### Exercise objective
Your answer must be an exact transcription of the data, with every picture omitted.

### Input data

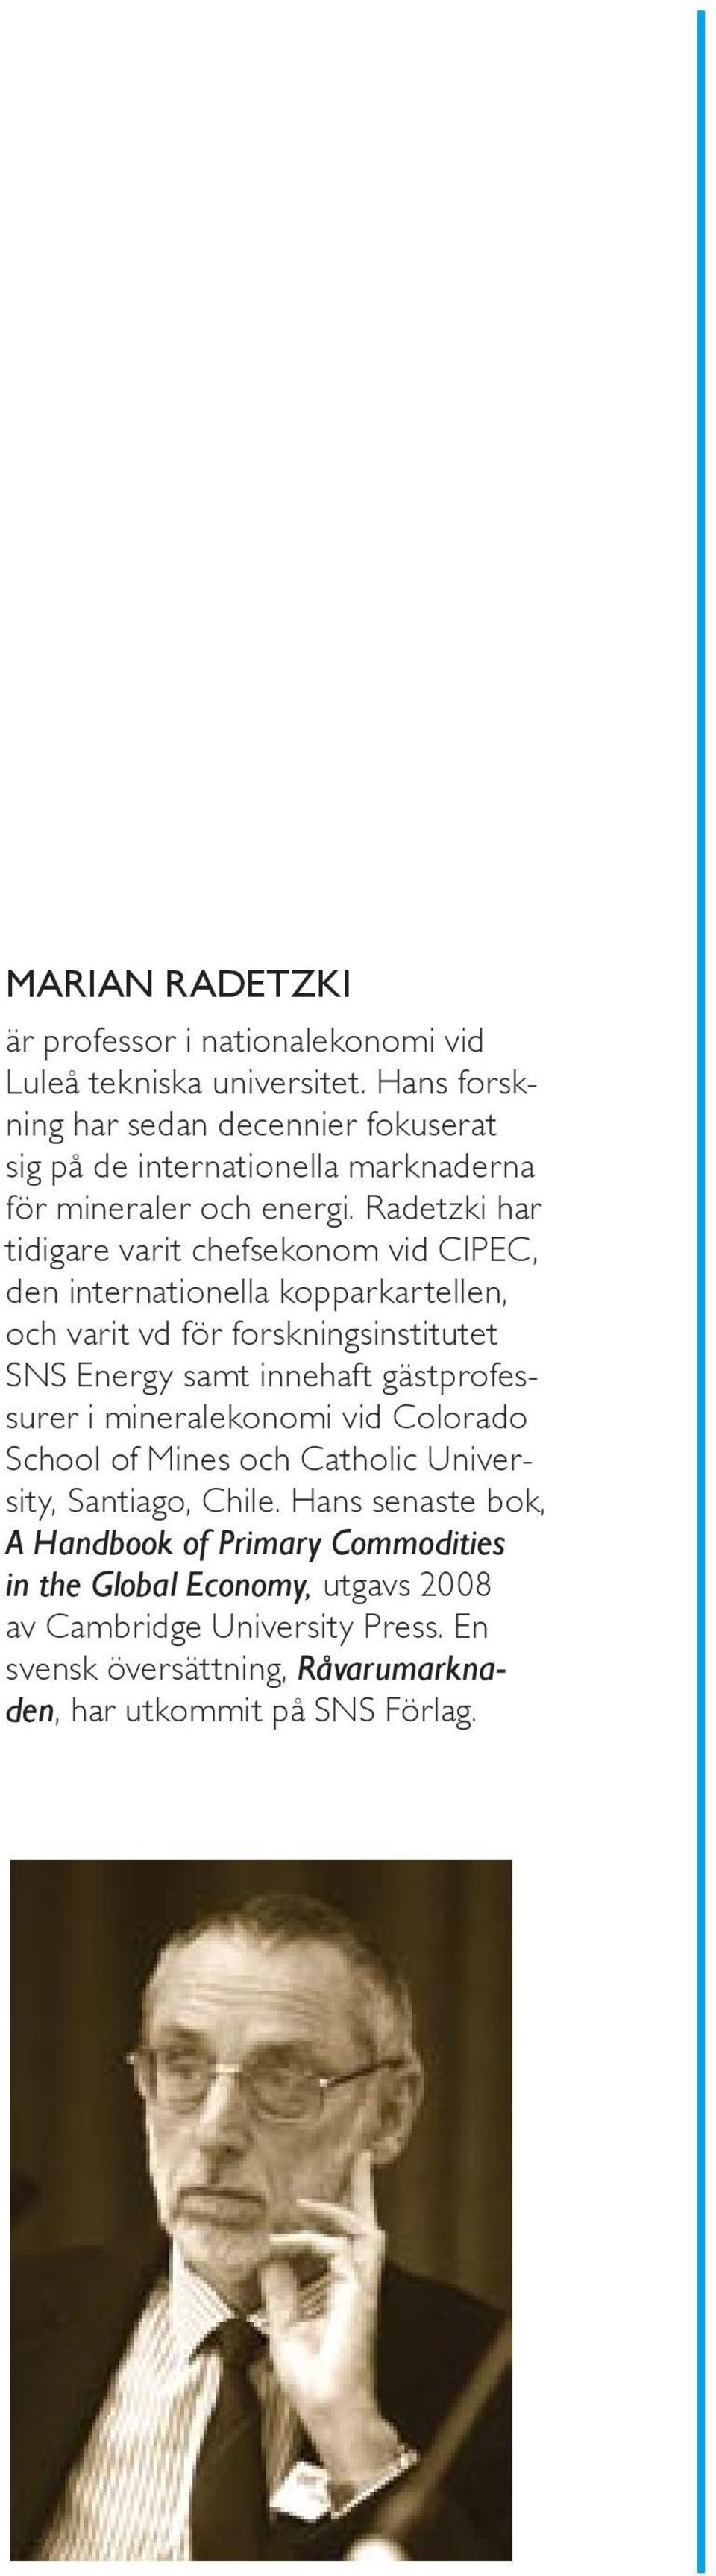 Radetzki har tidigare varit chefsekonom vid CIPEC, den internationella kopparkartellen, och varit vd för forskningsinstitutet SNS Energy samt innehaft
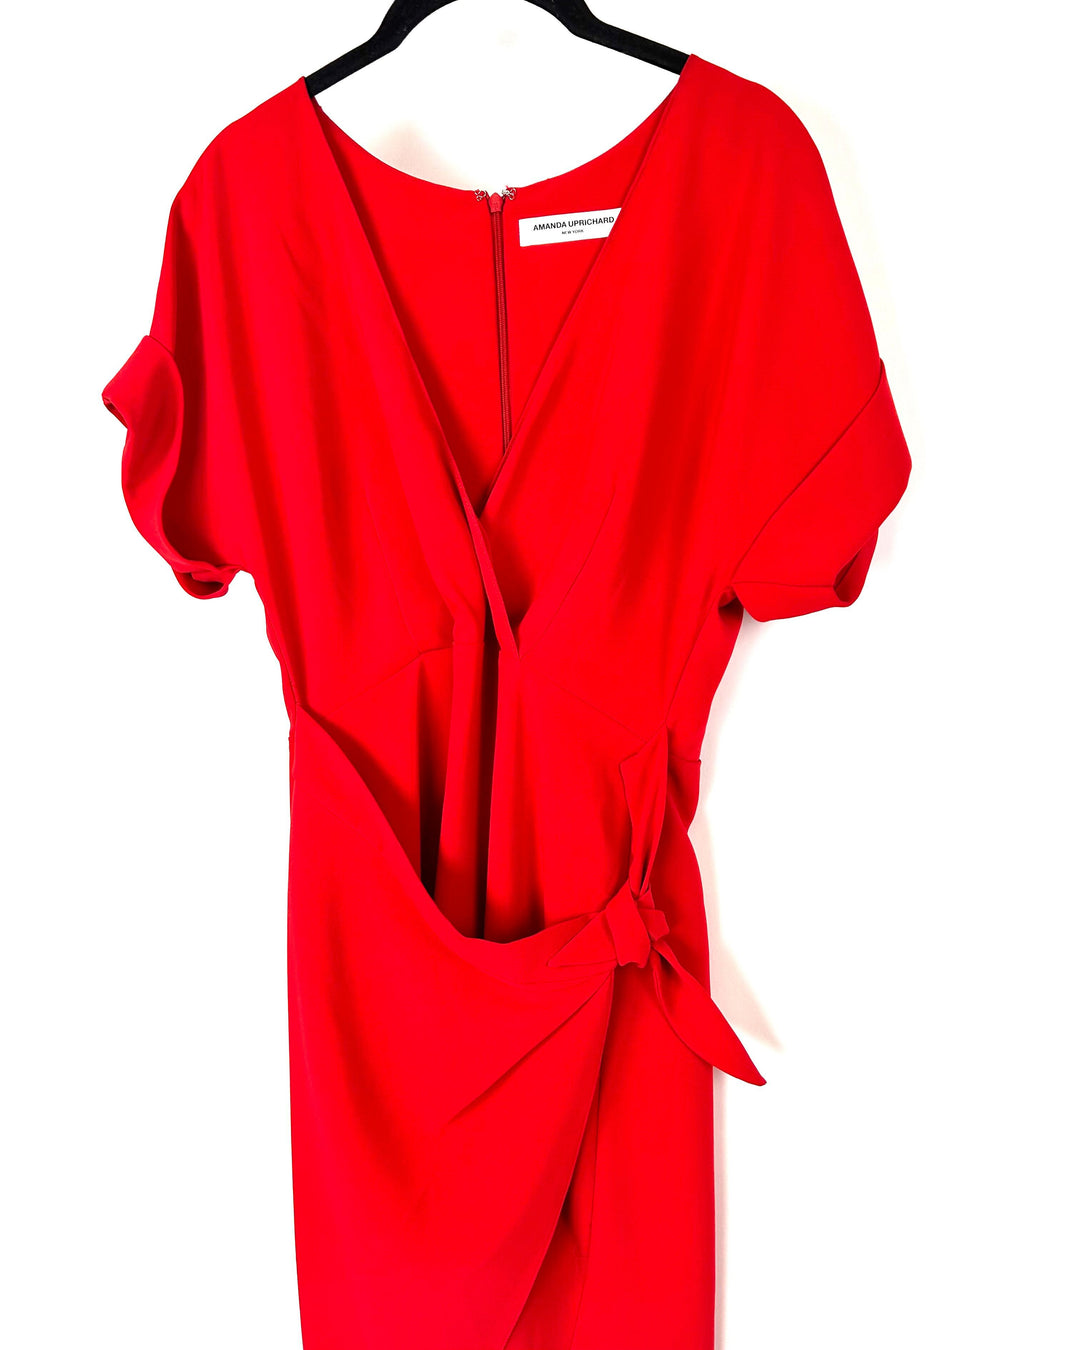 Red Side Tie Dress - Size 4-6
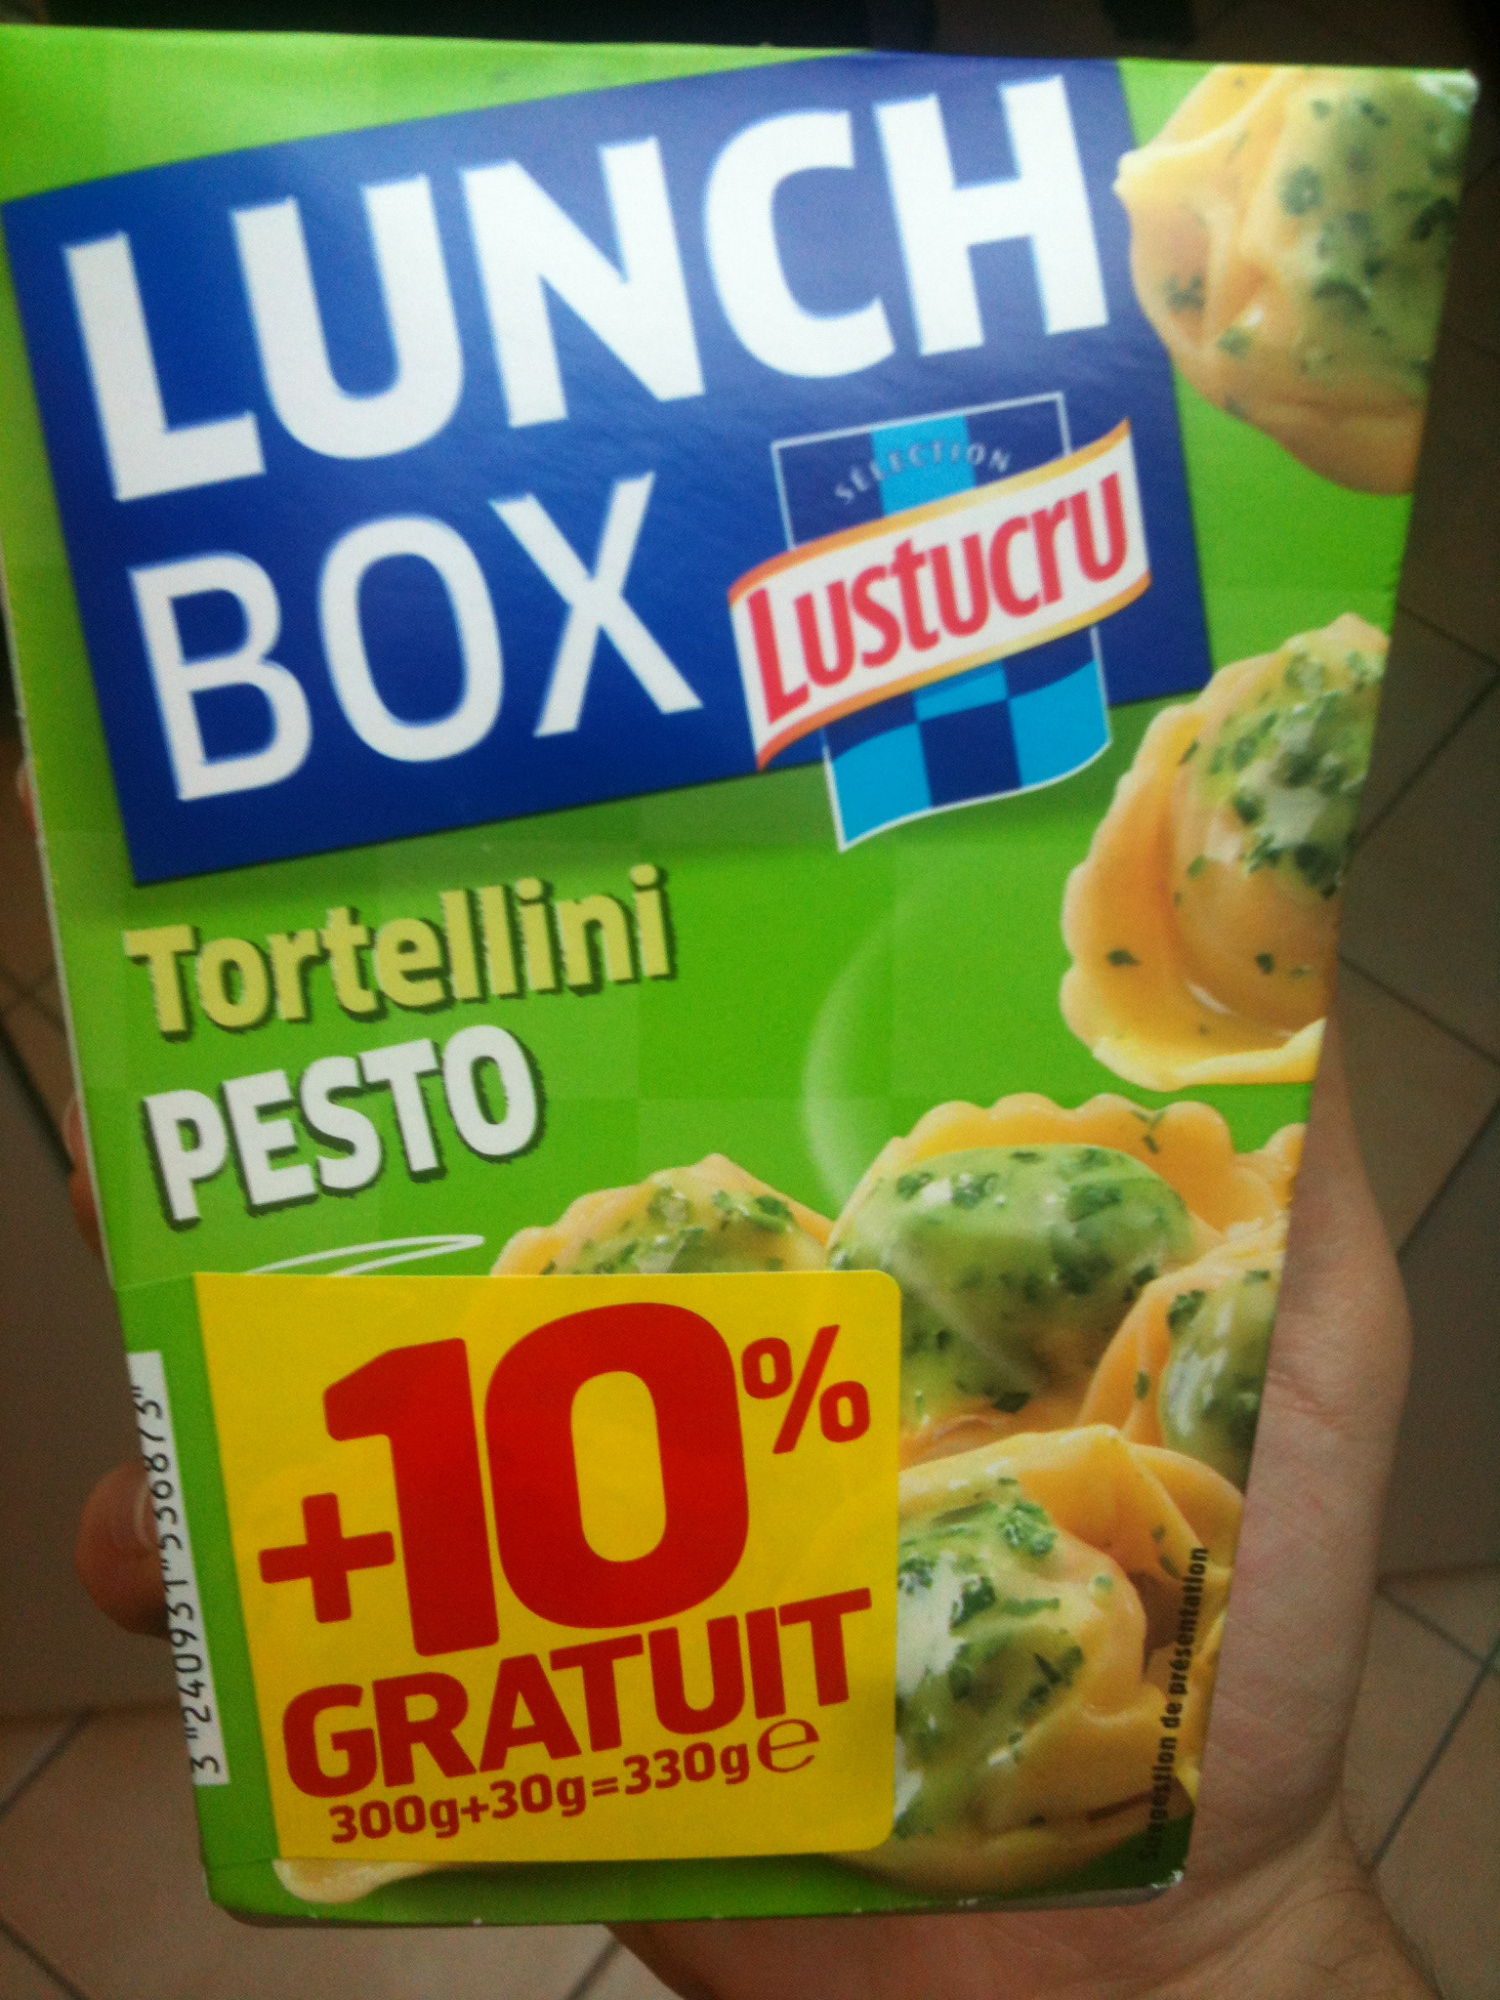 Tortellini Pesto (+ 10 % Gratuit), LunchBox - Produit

### Task output
 Radetzki har tidigare varit chefsekonom vid CIPEC, den internationella kopparkartellen, och varit vd för forskningsinstitutet SNS Energy samt innehaft
 Red Side Tie Dress - Size 4-6
 Tortellini Pesto (+ 10 % Gratuit), LunchBox - Produit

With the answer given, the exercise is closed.